## WORK ORDER:
Without including any images, repeat the data exactly.
::: RECORDED INFORMATION
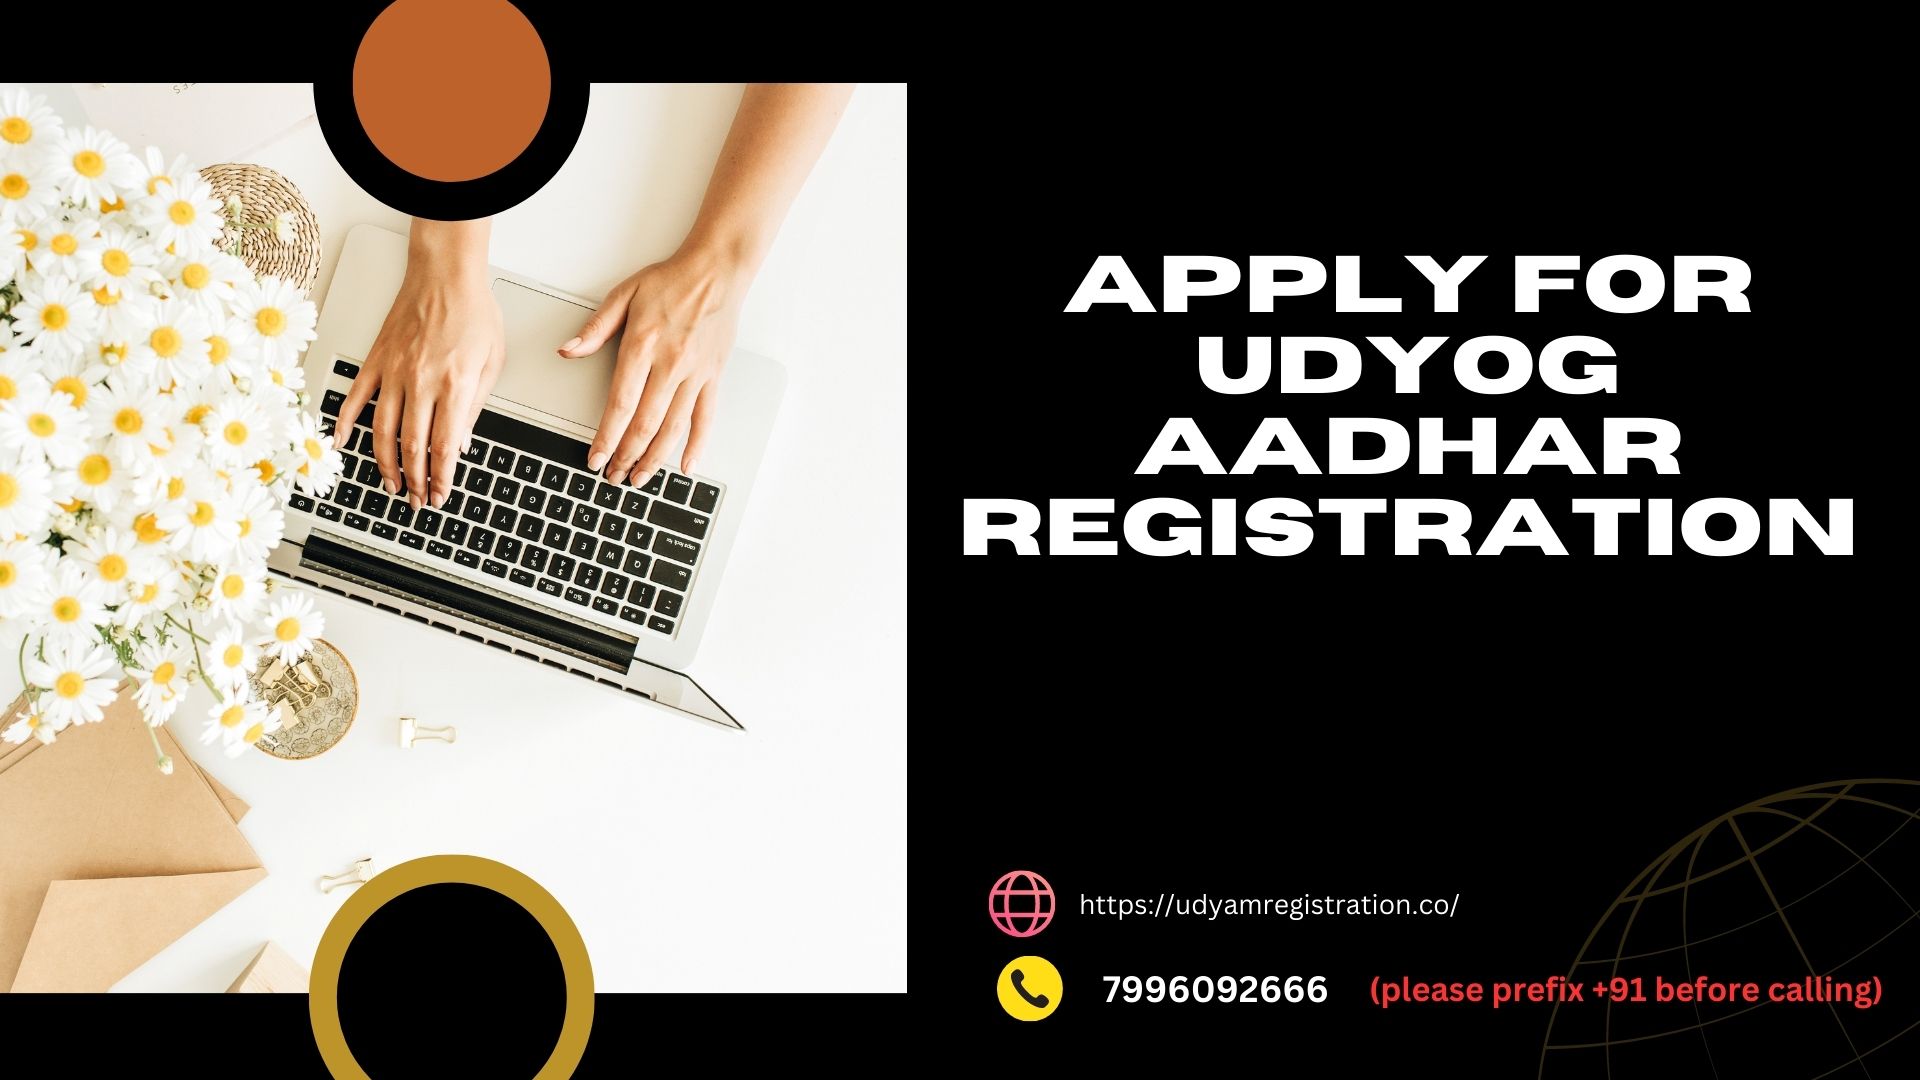 Apply for Udyog Aadhar RegistrationServicesBusiness OffersAll Indiaother
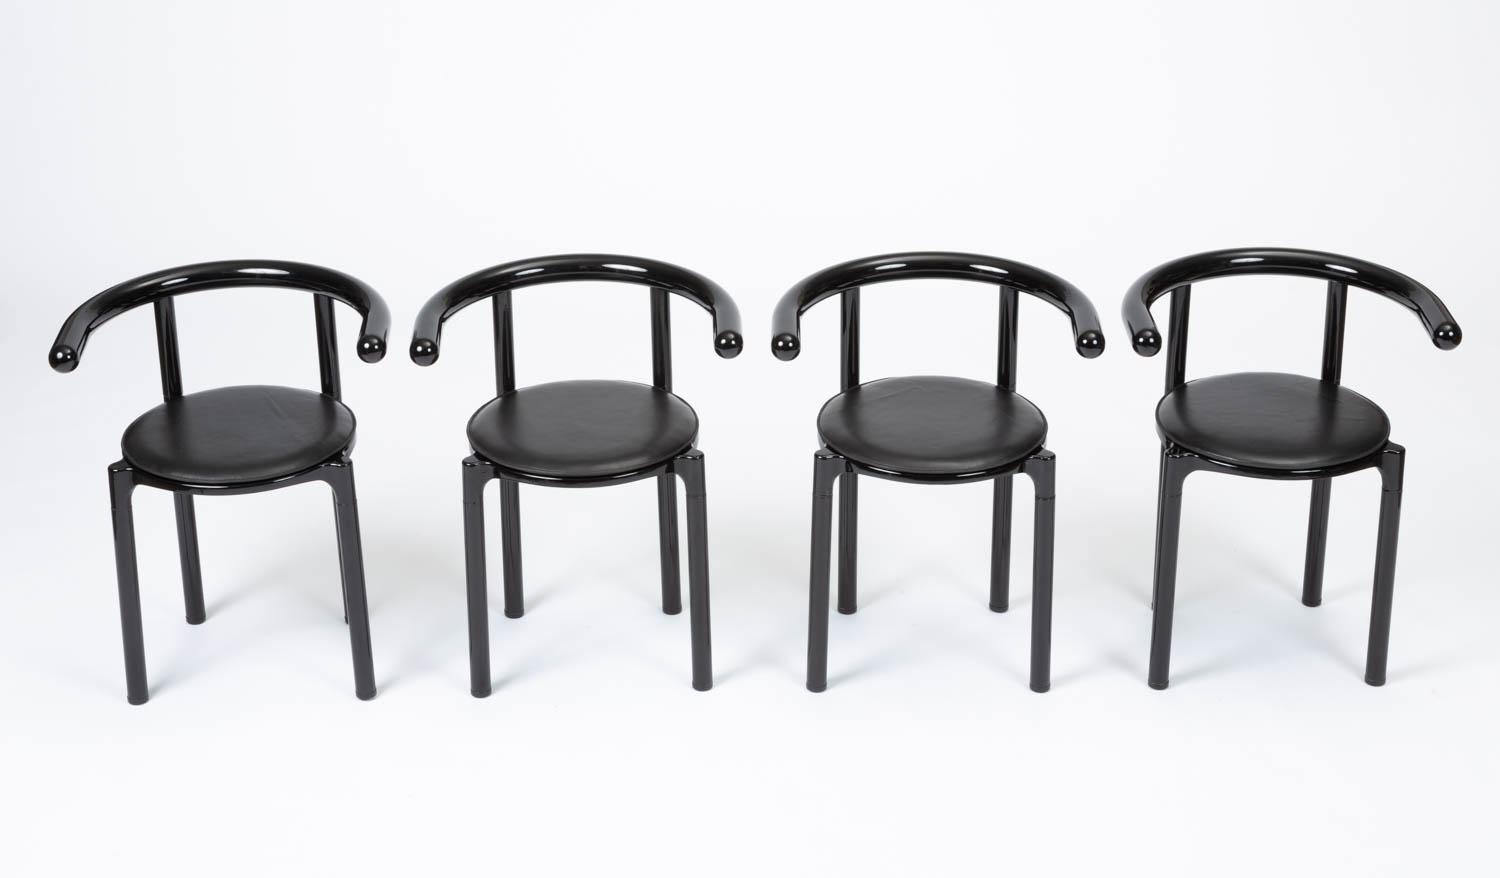 A set of four late modernist dining chairs from Italian design house Kartell. The 4855 model is a rarer edition of seating, designed in 1981 by the company’s co-founder and Art Director, Anna Castelli Ferrieri. Each chair has a round leather seat on
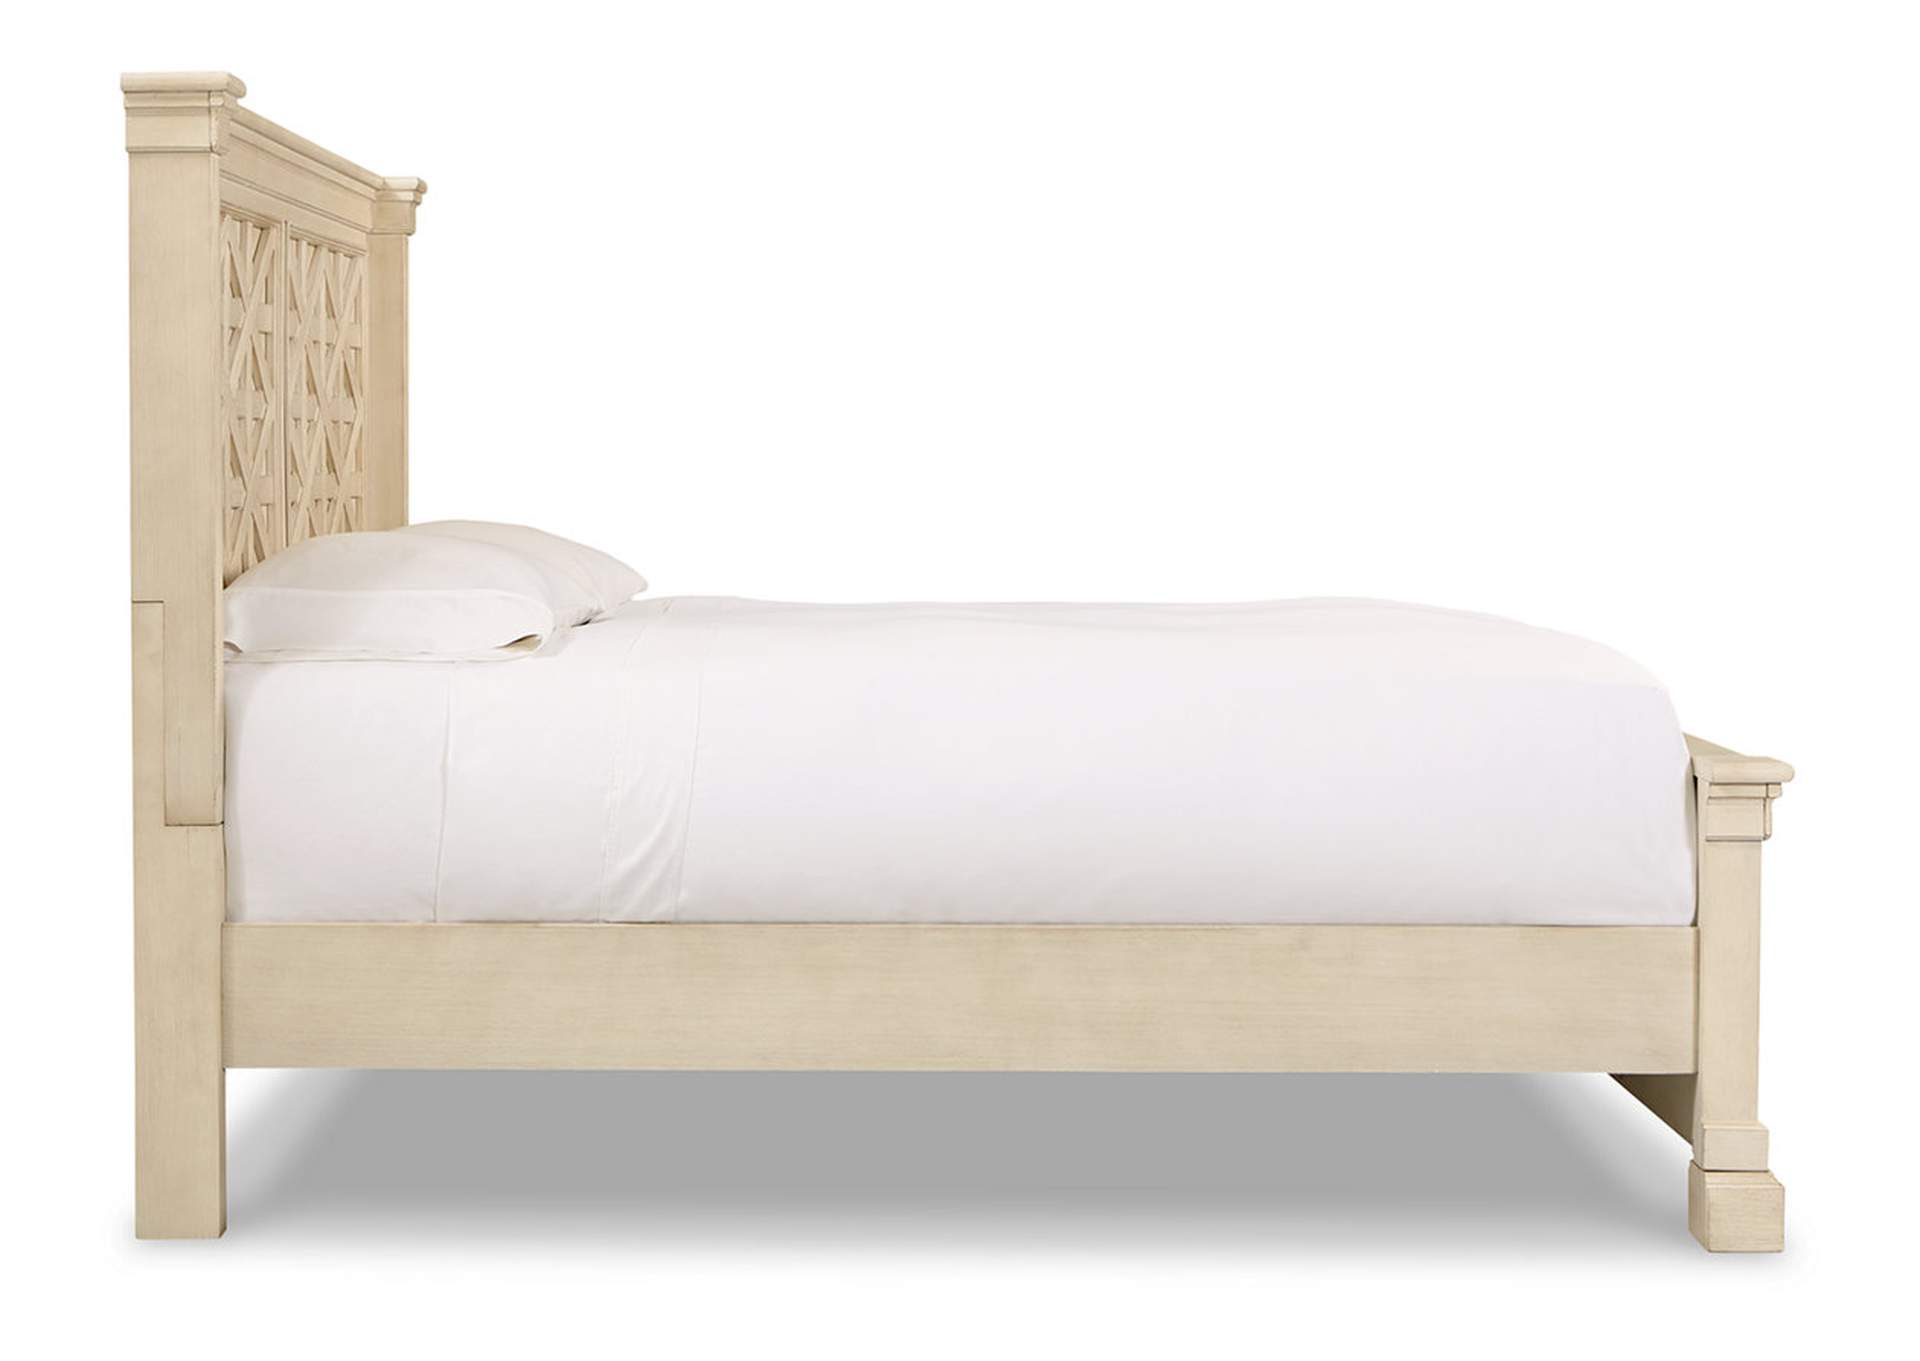 Bolanburg Queen Panel Bed,Signature Design By Ashley
::::::
## REPLY:
 Apply for Udyog Aadhar RegistrationServicesBusiness OffersAll Indiaother
 A set of four late modernist dining chairs from Italian design house Kartell. The 4855 model is a rarer edition of seating, designed in 1981 by the company’s co-founder and Art Director, Anna Castelli Ferrieri. Each chair has a round leather seat on
 Bolanburg Queen Panel Bed,Signature Design By Ashley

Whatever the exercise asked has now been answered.